送别时,慕婉珍的背影透着一丝单薄。
待她的身影消失路口,高淑华便重重地冷哼了一声,“砰”地一声狠狠砸上了大门。
“妖精!”
她转身从门背后抓起一把端午节留下的早已干枯的艾草。
高淑华没想到女儿的前任是这般美丽的女人。
据说和女儿在一起是主动的那一方,但半分都看不出。
竟是个omega。她的清儿真是昏了头。
岑莘蹙紧了眉头,正想开口,奶奶却转过身,第一次郑重命令道:“星星,从明天起,你的功课,全归慕婉珍管。
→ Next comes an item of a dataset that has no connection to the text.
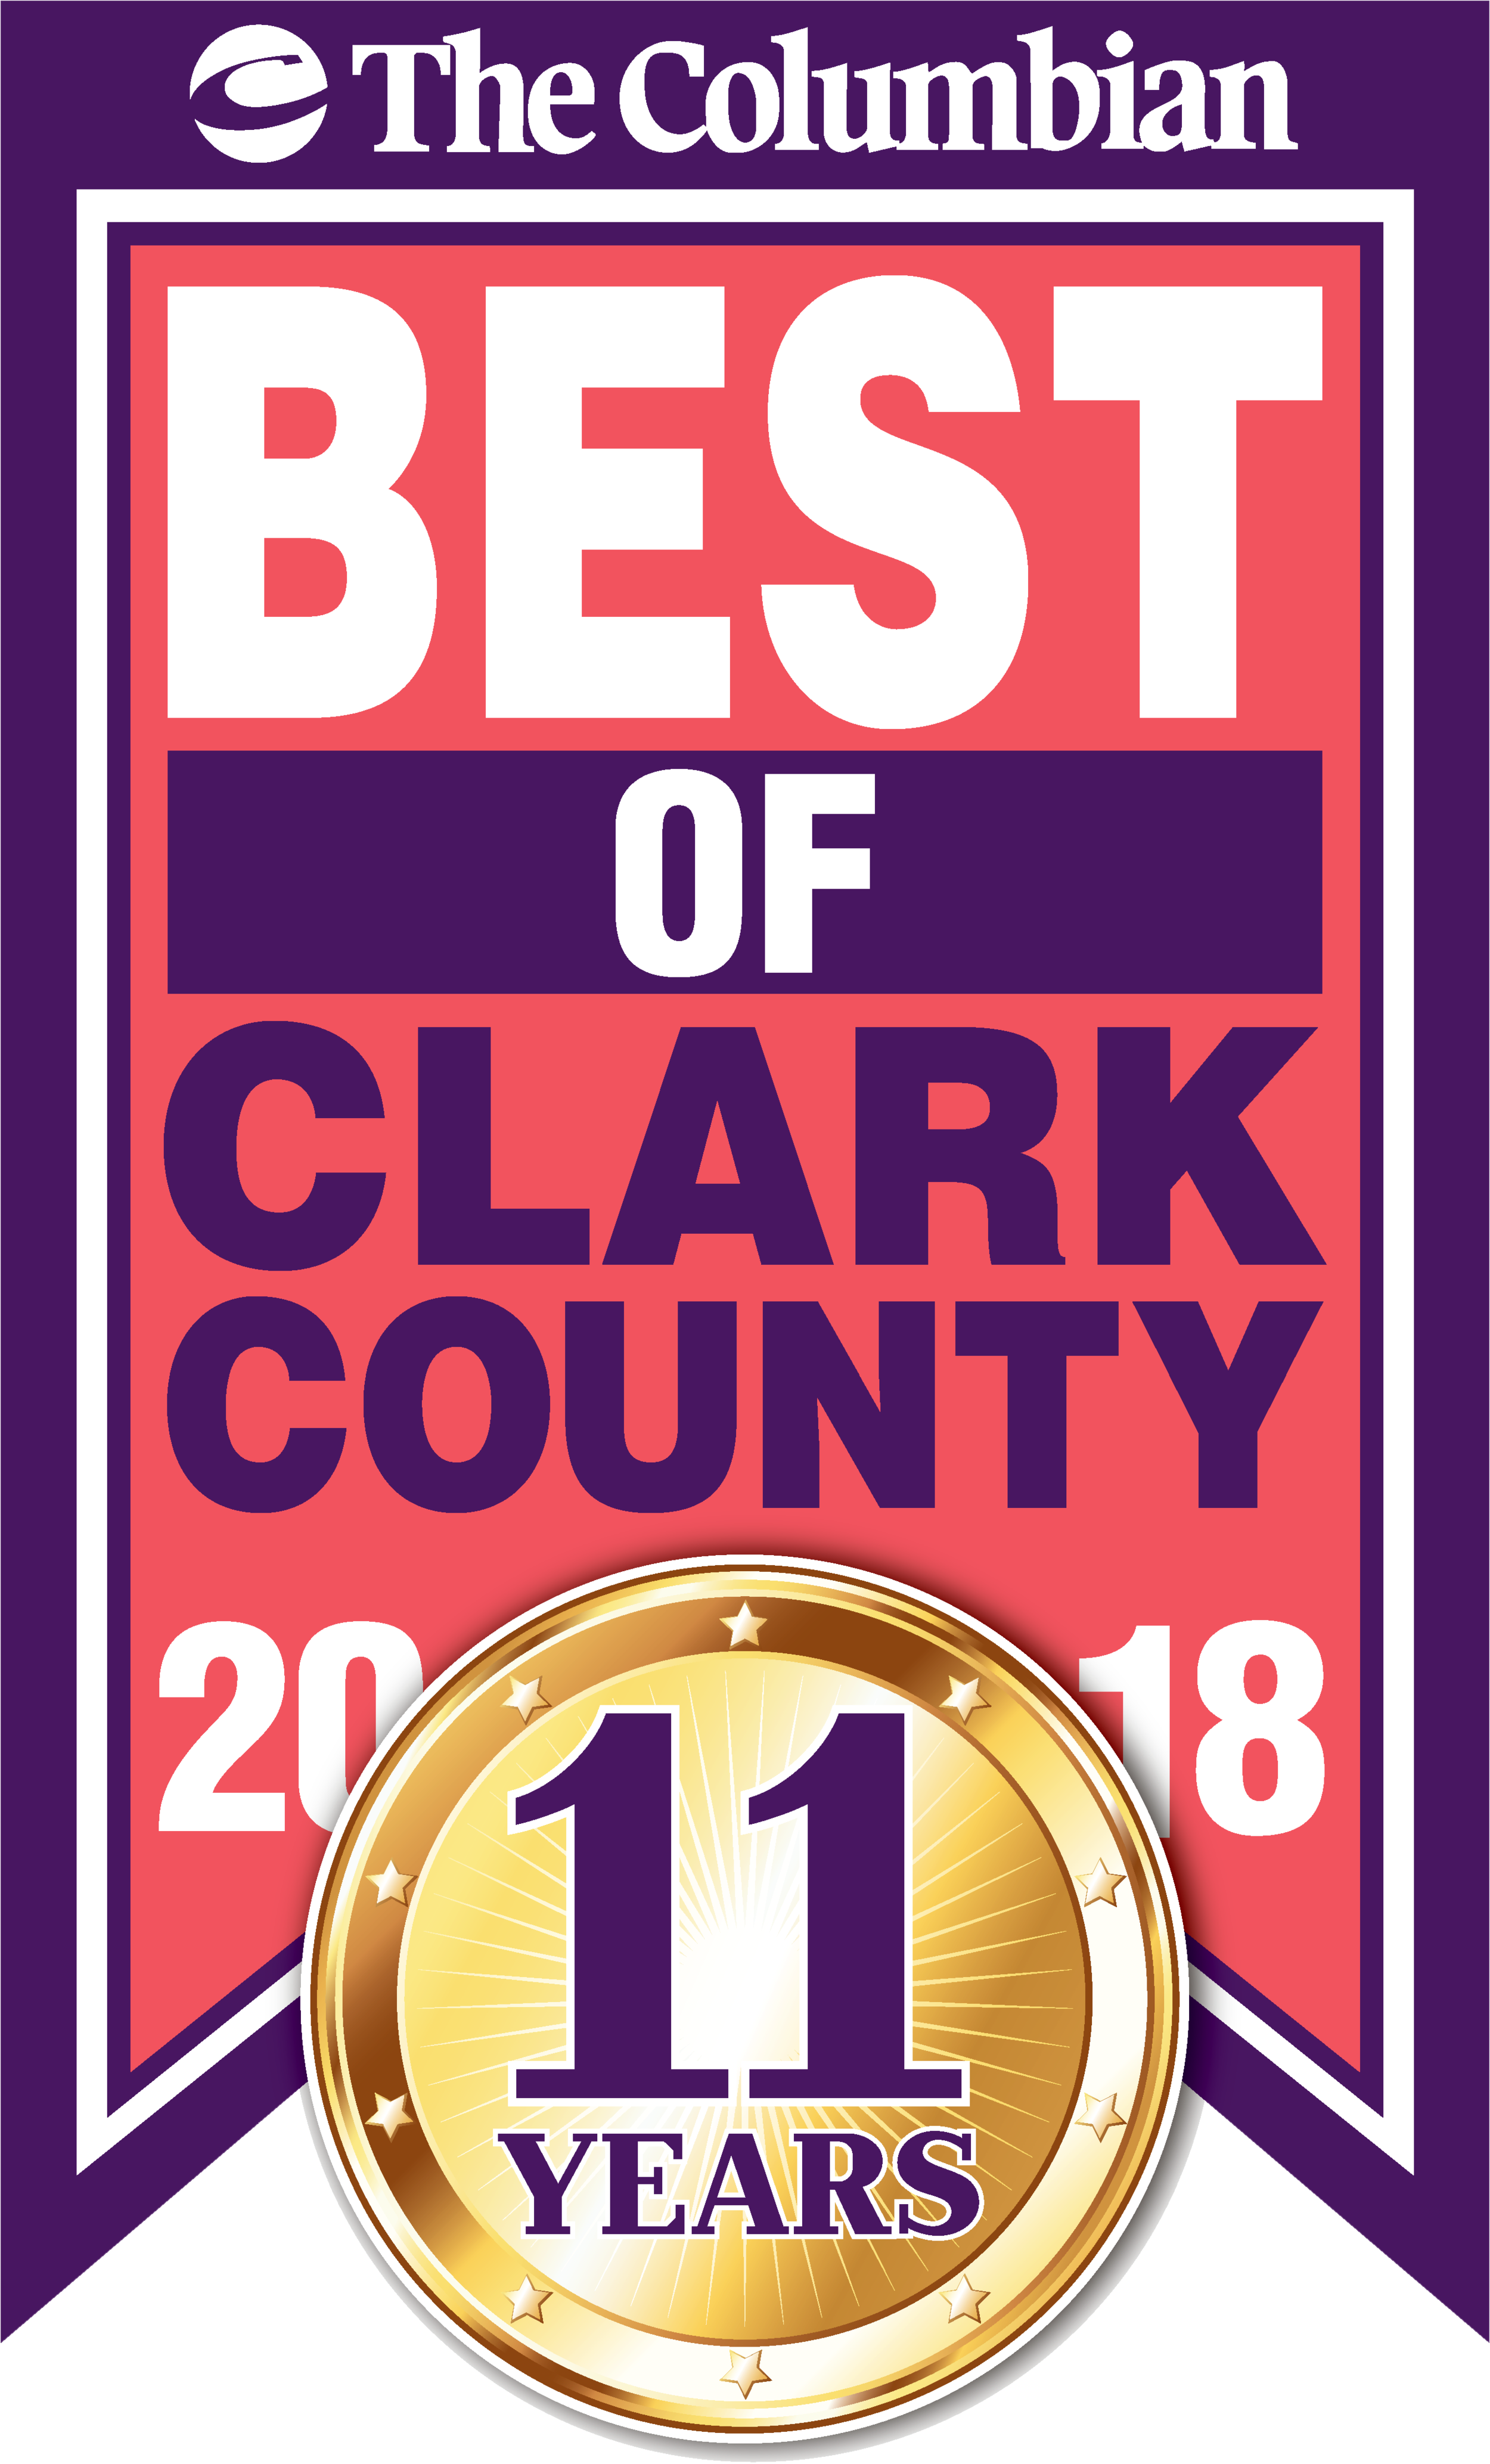 Landerholm-PS-Best-in-Clark-County-2018

”
“为什么?”岑莘脱口而出,满脸不可置信。
去裁缝店补习?人家不用做生意了。
慕婉珍也不是老师吧。
镇上的补习费那么贵,人家凭什么白教她?难道不要钱吗?
“星星,你不用管这些!”高淑华猛地拔高了音量,干瘪的胸膛掩下愤懑的起伏。
凭什么,就凭她慕婉珍欠岑家的。她这辈子都欠岑家的。
岑莘心中那股不好的预感愈发强烈:“奶奶,我的母亲……到底去哪了?她是不是……”
“你不要多想。”高淑华打断了她,眼球因为激动而微微凸起,死死地盯着孙女,“只是离开了!没死,她没死!”
她固执地重复着。
末了。
“只要你好好学,等你考上大学,走出这个穷地方,你就能见到了!”
考上大学,离开这里,离开这座闭塞落后的小镇,这已经成了高淑华这具枯槁躯壳里,唯一吊着的一口气。
哪怕为了这个目的,她要利用慕婉珍。
哪怕她用“只要你辅导莘莘考上大学,我就告诉你岑清下落”作为筹码。
只要结果是好的,只要孙女能飞出这片泥沼。
高淑华在昏暗的灯光下,死死握紧了犹如枯草般青筋暴起的老手。心脏就像是被毒蛇啃噬般剧痛。
……
自那天以后,高一的岑莘原本就早起上山路上学的作息,变成了更极端的“披星戴月”。
她万万没想到,慕婉珍这样一个看起来温婉如水的女人,在辅导功课上竟然会展现出堪称严苛的一面。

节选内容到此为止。